Materials and methods

The consequential approach for system delimitation is applied (Ekvall and Weidema 2004; Weidema 2003; Schmidt 2008a; Schmidt and Weidema 2008). This approach differs from the attributional approach in a way that the actual affected suppliers and technologies are modelled instead of averages. In addition, co-product allocation is avoided by system expansion. The method for life cycle impact assessment (LCIA) is EDIP97 updated (LCA-Center 2007). In addition, land use and the associated impacts on biodiversity are assessed using the LCIA method described in Schmidt (2008b).

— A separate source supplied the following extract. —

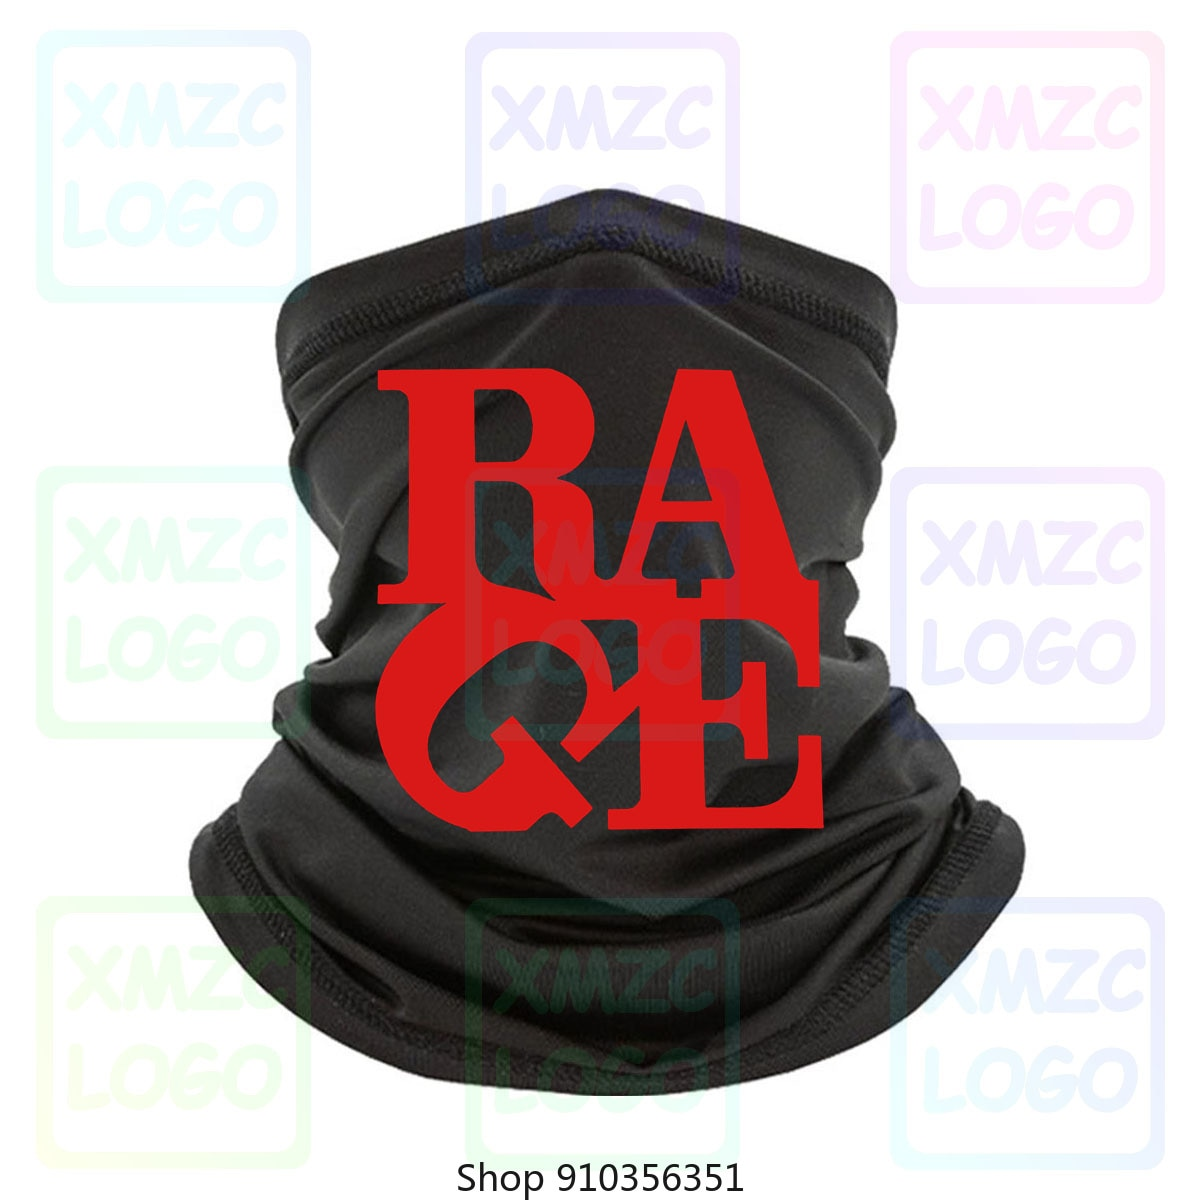 Новая рок-группа Rage Against The Machine Renegades, Мужская черная бандана, размер s 3Xl, повязка на голову, шарф, повязка на шею, теплая Женская и мужская

The characterised results of the LCA show that palm oil is environmentally preferable to rapeseed oil within ozone depletion, acidification, eutrophication, photochemical smog and land use, whilst the differences within global warming and biodiversity are less clear. The most significant process contributing to global warming from rapeseed oil is the cultivation of rapeseed, whilst the oil palm cultivation and the palm oil mill (effluent treatment) are equally important. Regarding land use and biodiversity for rapeseed oil, the avoided production caused by system expansion has a major role, whilst system expansion has only limited effect on the results of palm oil.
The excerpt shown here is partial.